Available data START

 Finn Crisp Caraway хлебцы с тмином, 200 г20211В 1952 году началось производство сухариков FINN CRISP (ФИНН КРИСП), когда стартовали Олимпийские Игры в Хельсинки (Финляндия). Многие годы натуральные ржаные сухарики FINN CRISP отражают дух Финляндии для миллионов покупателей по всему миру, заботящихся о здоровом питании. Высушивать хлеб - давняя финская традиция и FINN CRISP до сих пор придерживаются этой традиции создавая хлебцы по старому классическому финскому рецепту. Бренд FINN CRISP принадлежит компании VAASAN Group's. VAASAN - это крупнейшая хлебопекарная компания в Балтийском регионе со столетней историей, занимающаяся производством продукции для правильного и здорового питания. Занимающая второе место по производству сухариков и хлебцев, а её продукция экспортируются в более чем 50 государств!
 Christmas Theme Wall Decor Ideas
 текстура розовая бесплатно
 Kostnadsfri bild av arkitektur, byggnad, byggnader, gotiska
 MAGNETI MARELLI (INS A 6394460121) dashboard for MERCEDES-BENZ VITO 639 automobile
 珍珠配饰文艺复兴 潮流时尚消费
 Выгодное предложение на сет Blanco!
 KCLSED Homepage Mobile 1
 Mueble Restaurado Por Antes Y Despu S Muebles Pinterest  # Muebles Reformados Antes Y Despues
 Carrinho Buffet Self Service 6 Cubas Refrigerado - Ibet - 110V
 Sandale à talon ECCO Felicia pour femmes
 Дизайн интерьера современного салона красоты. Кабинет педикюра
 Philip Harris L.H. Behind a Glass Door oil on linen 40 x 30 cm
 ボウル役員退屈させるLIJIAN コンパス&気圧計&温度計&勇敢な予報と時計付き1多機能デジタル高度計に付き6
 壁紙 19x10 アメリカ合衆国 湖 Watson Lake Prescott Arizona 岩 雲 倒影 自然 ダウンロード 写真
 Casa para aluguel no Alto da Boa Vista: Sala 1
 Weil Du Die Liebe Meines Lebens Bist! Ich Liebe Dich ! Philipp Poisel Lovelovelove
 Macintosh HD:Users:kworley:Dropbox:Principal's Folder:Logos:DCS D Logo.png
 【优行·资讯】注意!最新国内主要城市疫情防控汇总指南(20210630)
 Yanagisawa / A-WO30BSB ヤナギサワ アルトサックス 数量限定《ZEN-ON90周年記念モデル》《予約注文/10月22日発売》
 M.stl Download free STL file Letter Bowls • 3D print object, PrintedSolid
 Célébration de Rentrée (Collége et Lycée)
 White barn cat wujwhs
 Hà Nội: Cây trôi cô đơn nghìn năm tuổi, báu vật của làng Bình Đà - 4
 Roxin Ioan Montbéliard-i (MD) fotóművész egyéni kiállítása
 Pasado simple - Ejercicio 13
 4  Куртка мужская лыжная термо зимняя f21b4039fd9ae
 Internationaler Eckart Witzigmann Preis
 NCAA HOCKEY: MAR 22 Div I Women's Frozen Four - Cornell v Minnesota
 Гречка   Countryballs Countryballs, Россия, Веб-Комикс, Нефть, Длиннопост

Available data END

One stretch of the lines above is wanted, from the line that contains "Kostnadsfri bild av" through the line that contains "Mueble Restaurado Por". Output it exactly.

 Kostnadsfri bild av arkitektur, byggnad, byggnader, gotiska
 MAGNETI MARELLI (INS A 6394460121) dashboard for MERCEDES-BENZ VITO 639 automobile
 珍珠配饰文艺复兴 潮流时尚消费
 Выгодное предложение на сет Blanco!
 KCLSED Homepage Mobile 1
 Mueble Restaurado Por Antes Y Despu S Muebles Pinterest  # Muebles Reformados Antes Y Despues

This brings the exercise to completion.